TASK DETAILS:
Skip every picture, then write out exactly the lines of the listing below from the line that contains "Elegant skin care magazine vector template" through the final line.

RECORDED DATA:
<<<<
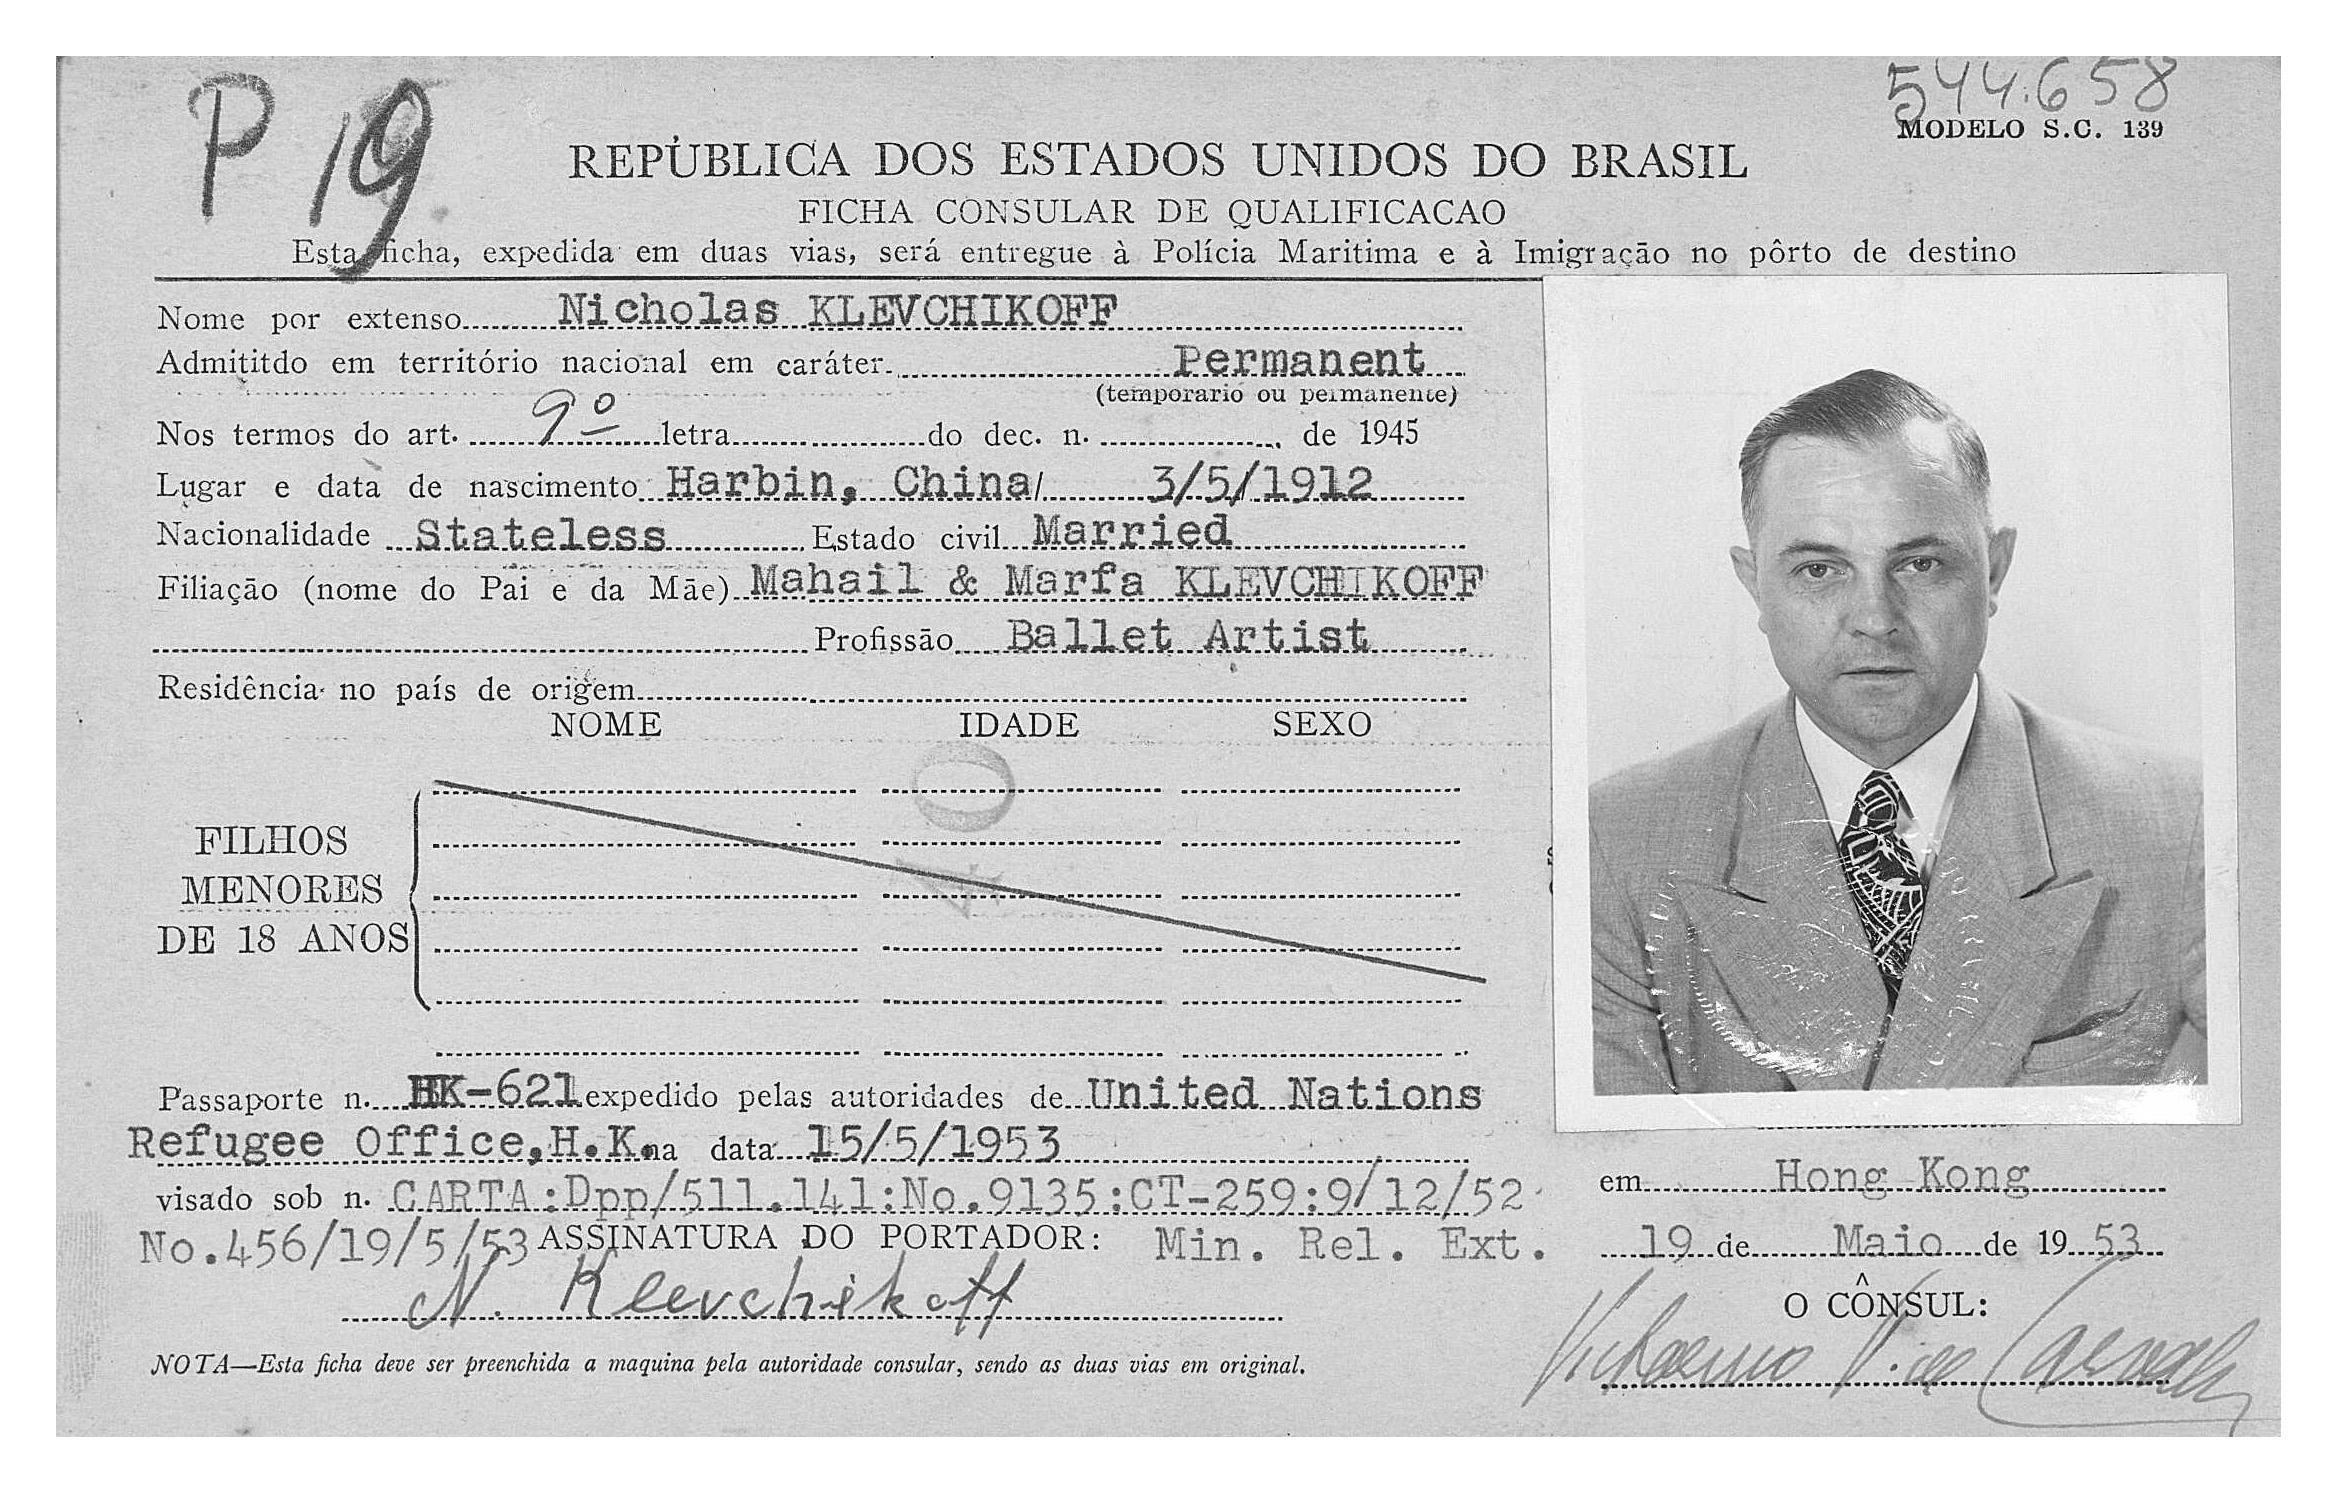 Nicholas-1953-05-ficha-consular-RJ-03-copy1.jpg
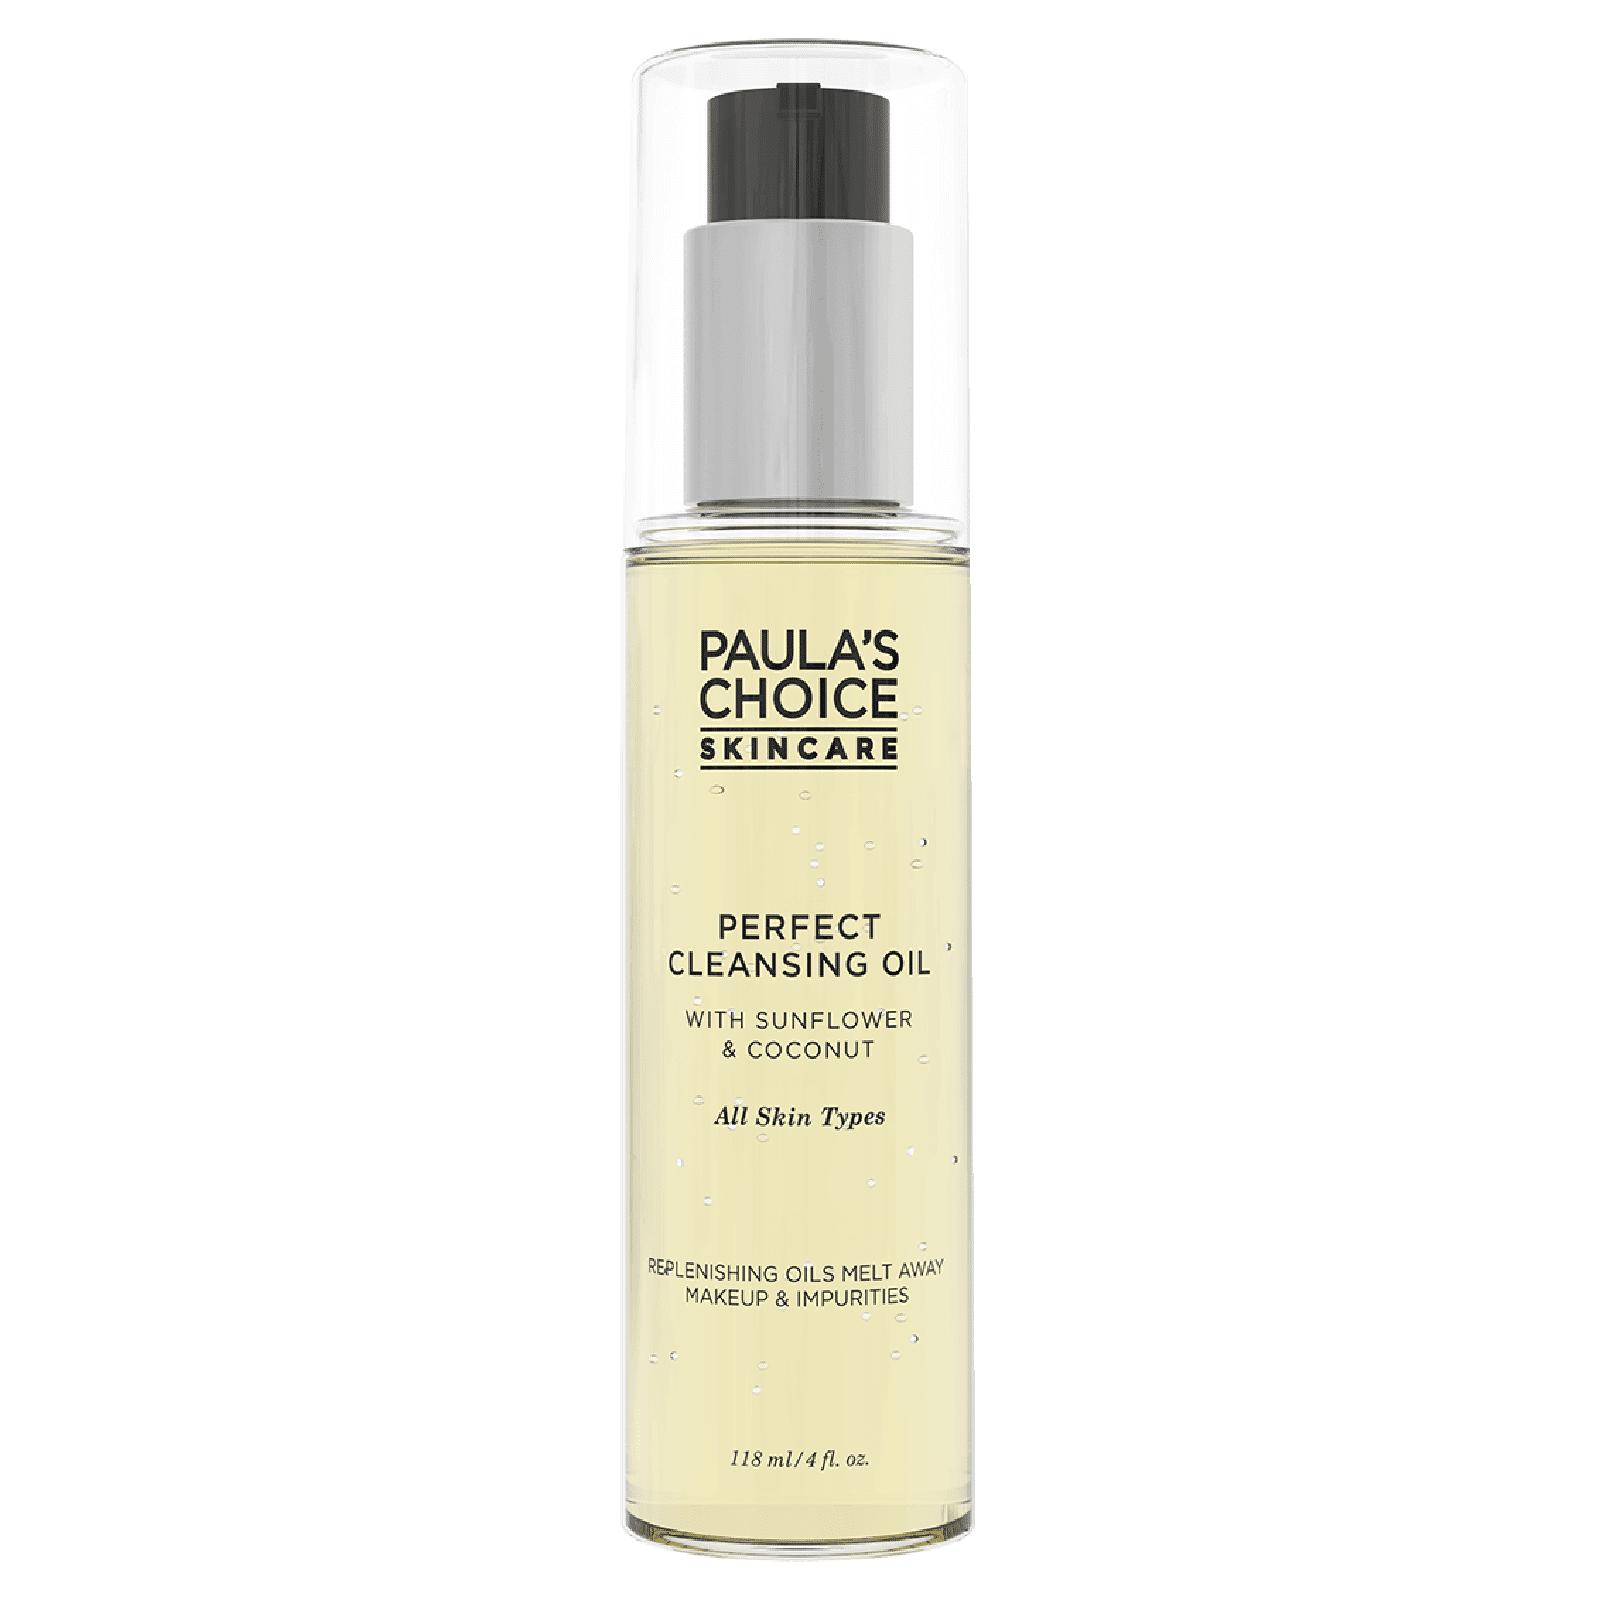 Paula's Choice Perfect Cleansing Oil 118ml
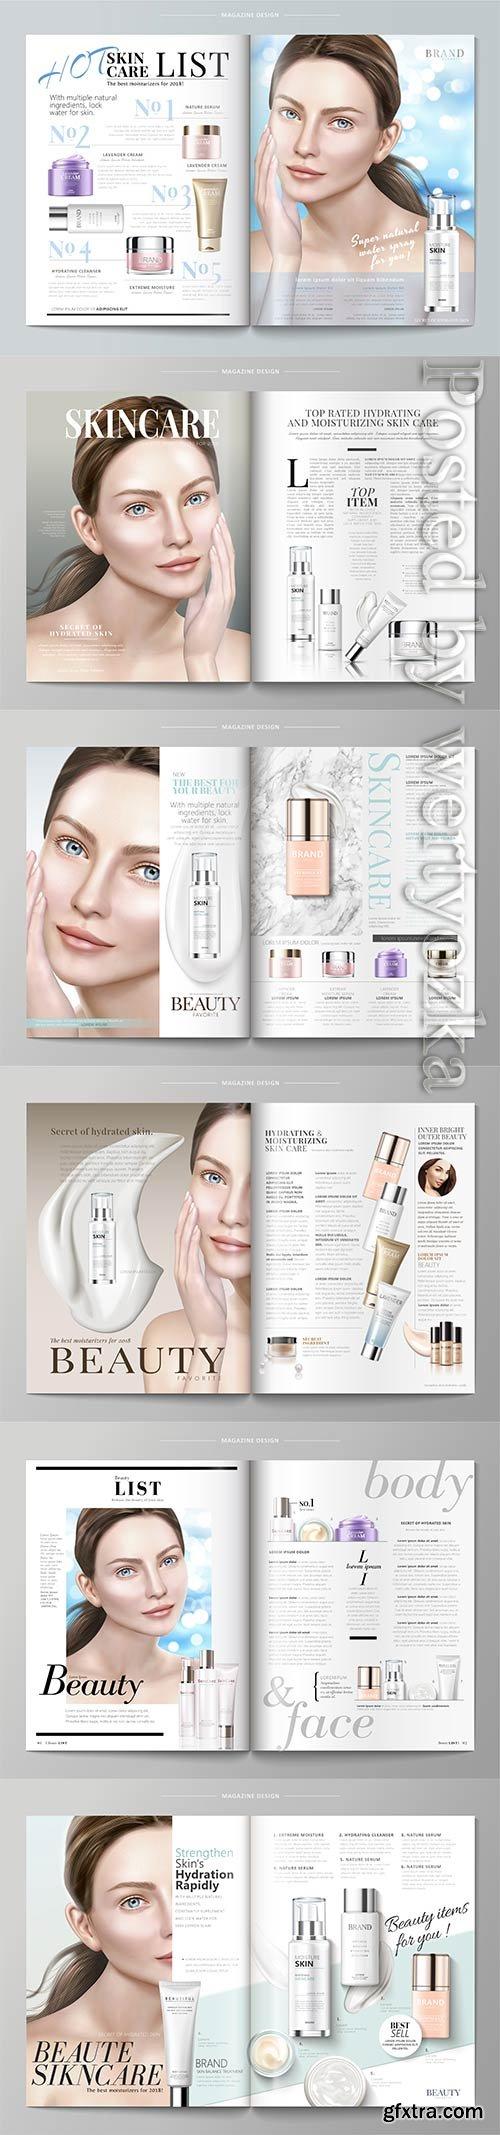 Elegant skin care magazine vector template
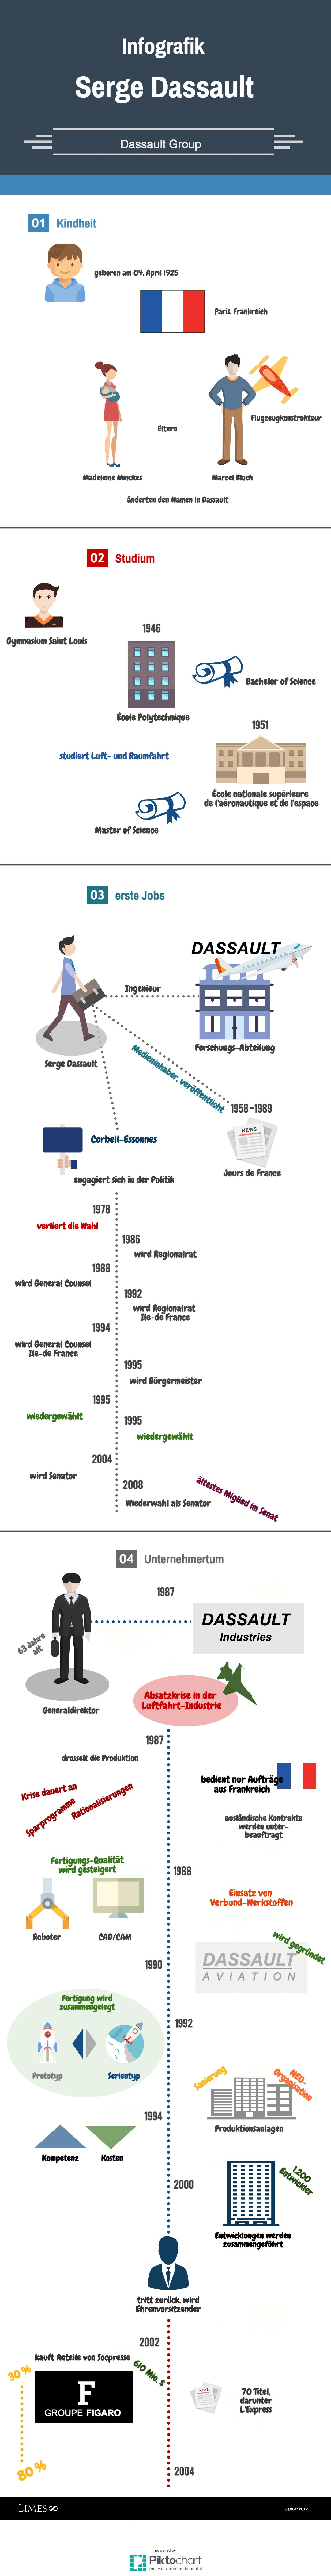 Informationsgrafik des Luftfahrt-Milliardärs Serge Dassault
>>>>
PROBLEM SOLUTION:
 Elegant skin care magazine vector template
 Informationsgrafik des Luftfahrt-Milliardärs Serge Dassault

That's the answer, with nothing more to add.